7. Experiment Statistical Significance

Question: Does the paper report error bars suitably and correctly defined or other appropriate information about the statistical significance of the experiments?

Answer: [Yes]

Justification: In toy experiments, we do report error bars corresponding to the standarddeviation across several 5 runs (cf. Tables 1 and 6). For real-world datasets, however, error bars are not reported because it would be too computationally expensive. This is customary in computer vision and practiced by all competing baselines.

8. Experiments Compute Resources

Question: For each experiment, does the paper provide sufficient information on the computer resources (type of compute workers, memory, time of execution) needed to reproduce the experiments?

Answer: [Yes]

Justification: Compute resources are described in Appendix D.3.

9. Code Of Ethics

Question: Does the research conducted in the paper conform, in every respect, with the Neur IPS Code of Ethics https://neurips.cc/public/Ethics Guidelines?

Answer: [Yes]

Justification: Our experiments comply with Neur IPS Code of Ethics. For instance, we only work with well-known publicly available datasets.

10. Broader Impacts

Question: Does the paper discuss both potential positive societal impacts and negative societal impacts of the work performed?

Answer: [NA]

Justification: This is a foundational work on 3D human pose lifting, and is hence not tied to any particular application. We do not believe that the enhancements it proposes could be used to make existing 3D human pose technology more dangerous in any way.

11. Safeguards

Question: Does the paper describe safeguards that have been put in place for responsible release of data or models that have a high risk for misuse (e.g., pretrained language models, image generators, or scraped datasets)?

Answer: [NA]

Justification: The paper poses no such risks.
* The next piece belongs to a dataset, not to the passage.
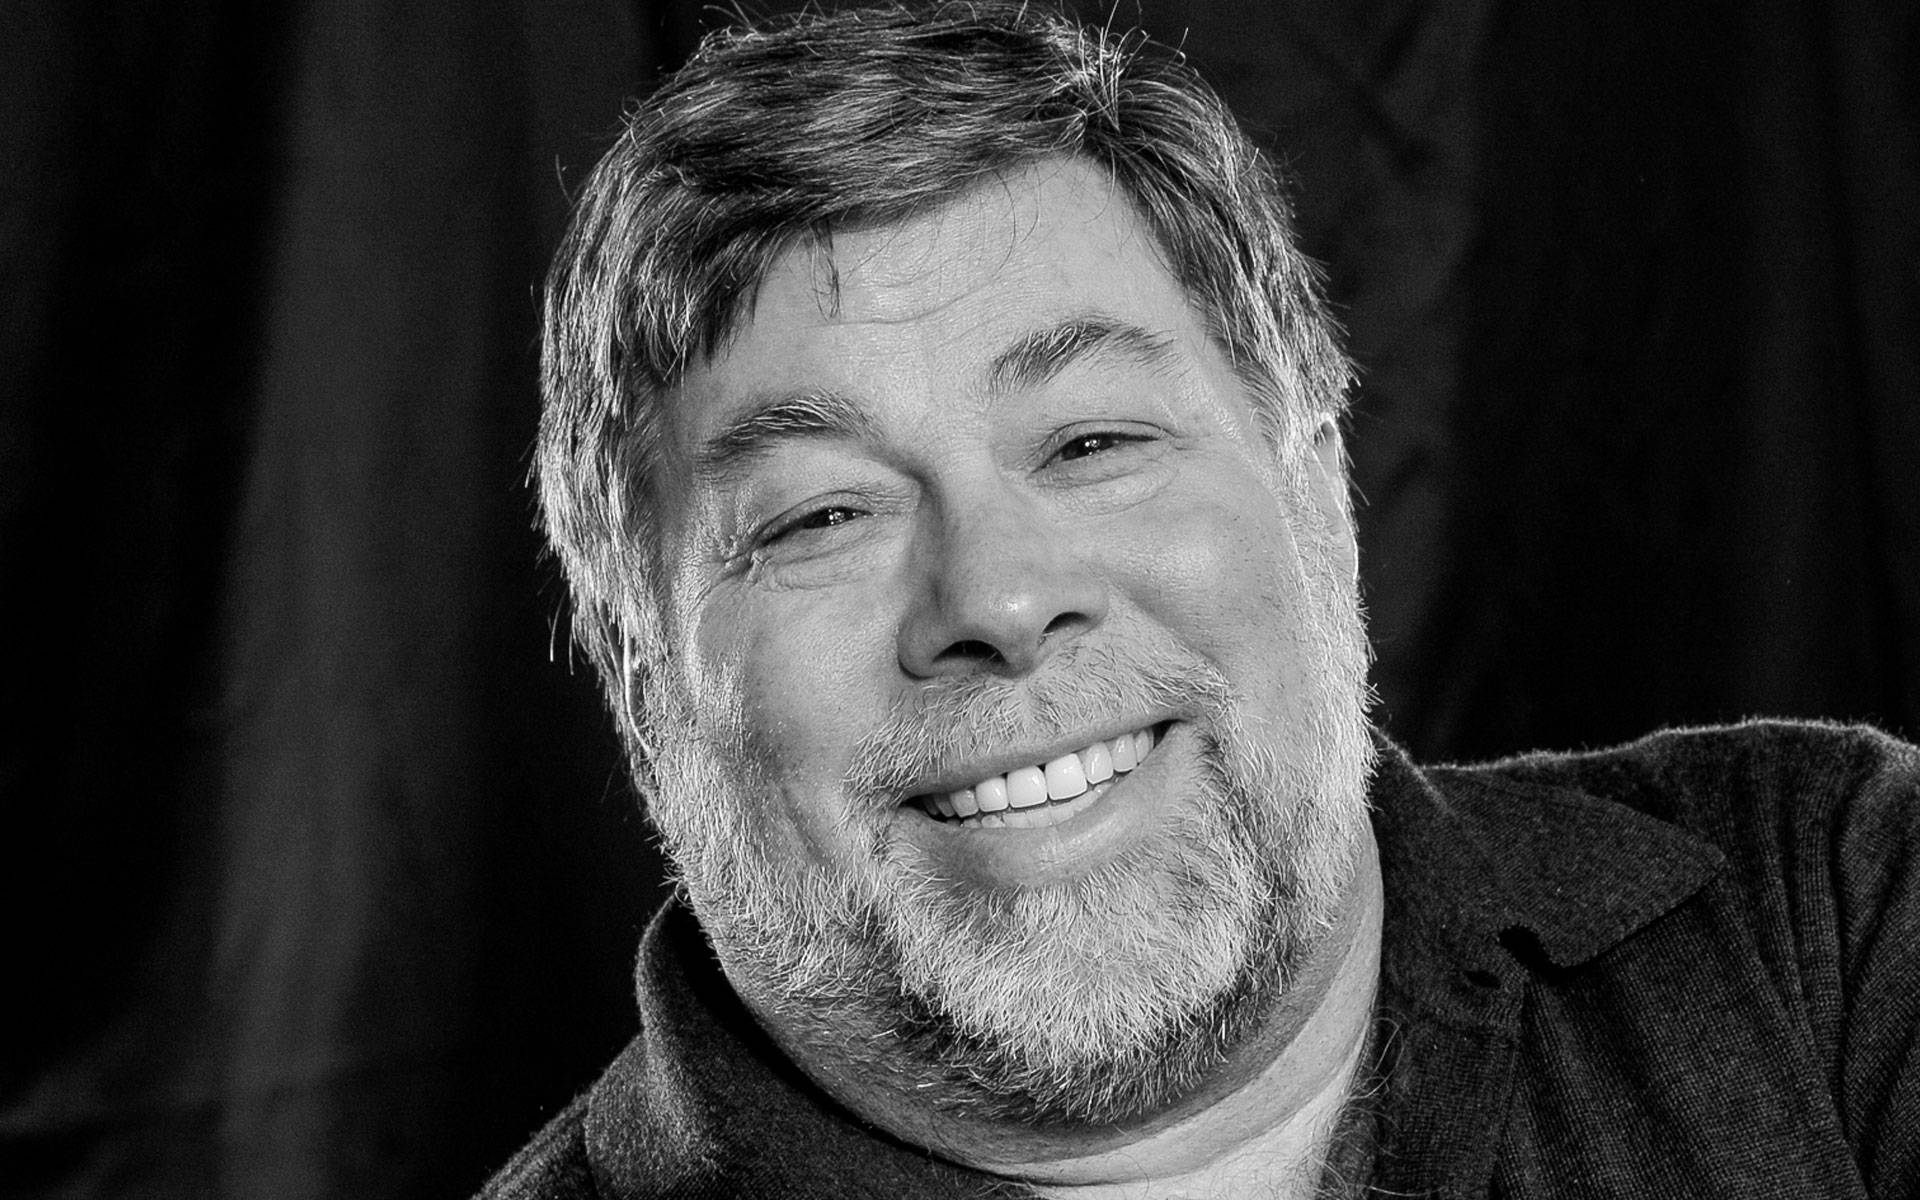 Applemitbegründer Steve Wozniak In Graustufen Wallpaper
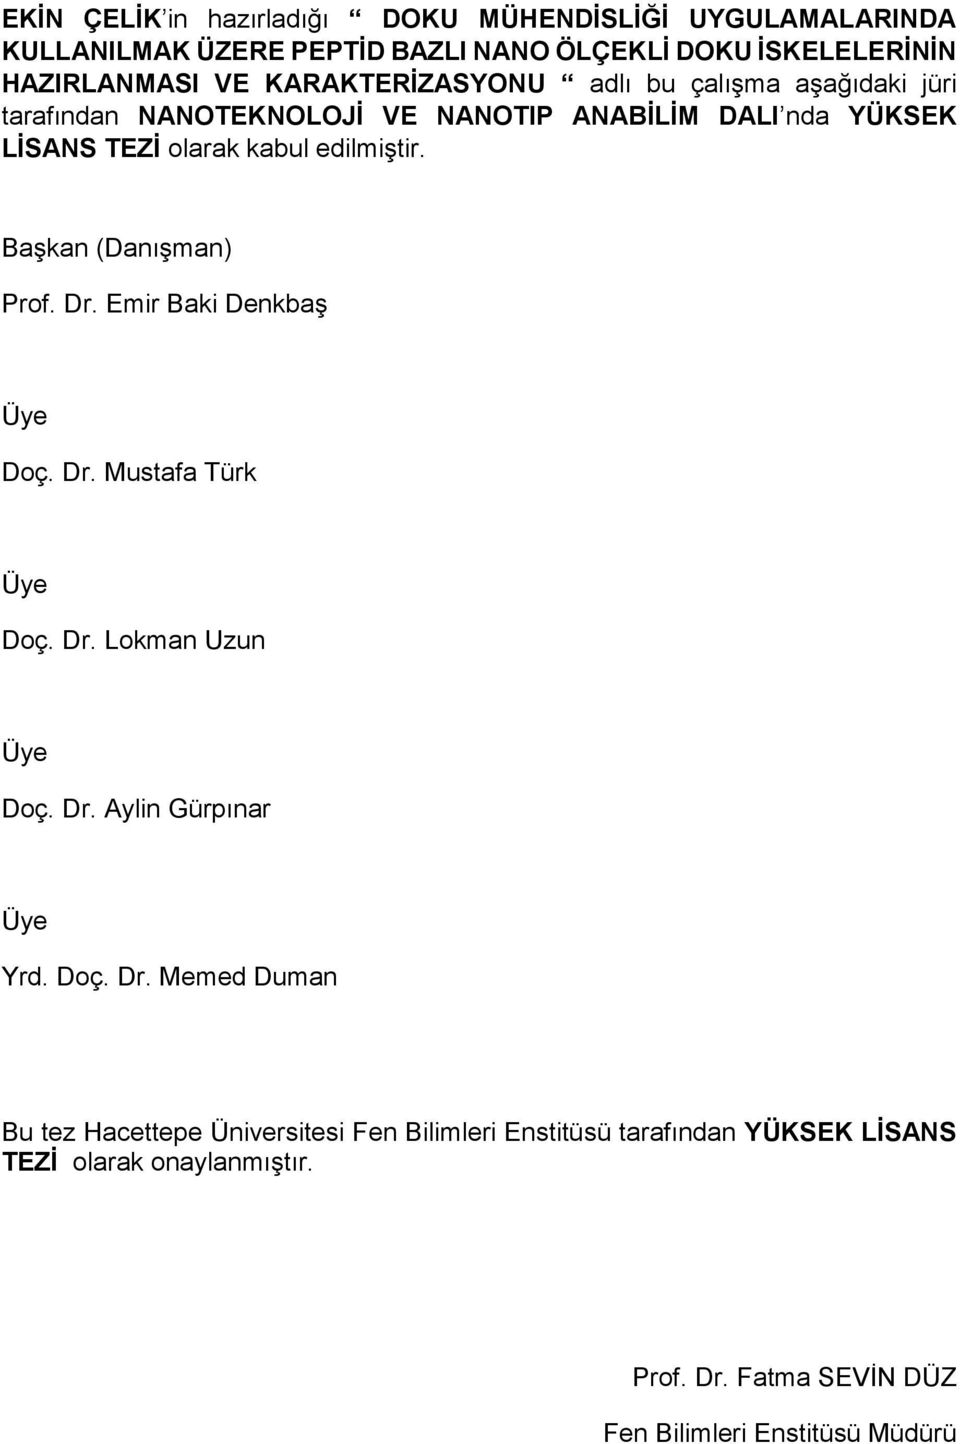 Başkan (Danışman) Prof. Dr. Emir Baki Denkbaş Üye Doç. Dr. Mustafa Türk Üye Doç. Dr. Lokman Uzun Üye Doç. Dr. Aylin Gürpınar Üye Yrd. Doç. Dr. Memed Duman Bu tez Hacettepe Üniversitesi Fen Bilimleri Enstitüsü tarafından YÜKSEK LİSANS TEZİ olarak onaylanmıştır.

12. Licenses for existing assets

Question: Are the creators or original owners of assets (e.g., code, data, models), used in the paper, properly credited and are the license and terms of use explicitly mentioned and properly respected?

Answer: [Yes]

Justification: The main assets used in this work are the human pose datasets Human 3.6M and MPI-INF-3DHP, whose papers are duely cited. We also provide their licenses, availability conditions and download URL in the supplementary material (Appendix D.3).

13. New Assets

Question: Are new assets introduced in the paper well documented and is the documentation provided alongside the assets?

Answer: [Yes]

Justification: The only asset introduced in this paper is the experimental code, which is well documented in the its own README.md file a provided alongside its (open) license.

14. Crowdsourcing and Research with Human Subjects

Question: For crowdsourcing experiments and research with human subjects, does the paper include the full text of instructions given to participants and screenshots, if applicable, as well as details about compensation (if any)?

Answer: [NA]

Justification: The paper does not involve crowdsourcing nor research with human subjects.

15. Institutional Review Board (IRB) Approvals or Equivalent for Research with Human Subjects Question: Does the paper describe potential risks incurred by study participants, whether such risks were disclosed to the subjects, and whether Institutional Review Board (IRB) approvals (or an equivalent approval/review based on the requirements of your country or institution) were obtained? Answer: [NA] Justification: The paper does not involve crowdsourcing nor research with human subjects.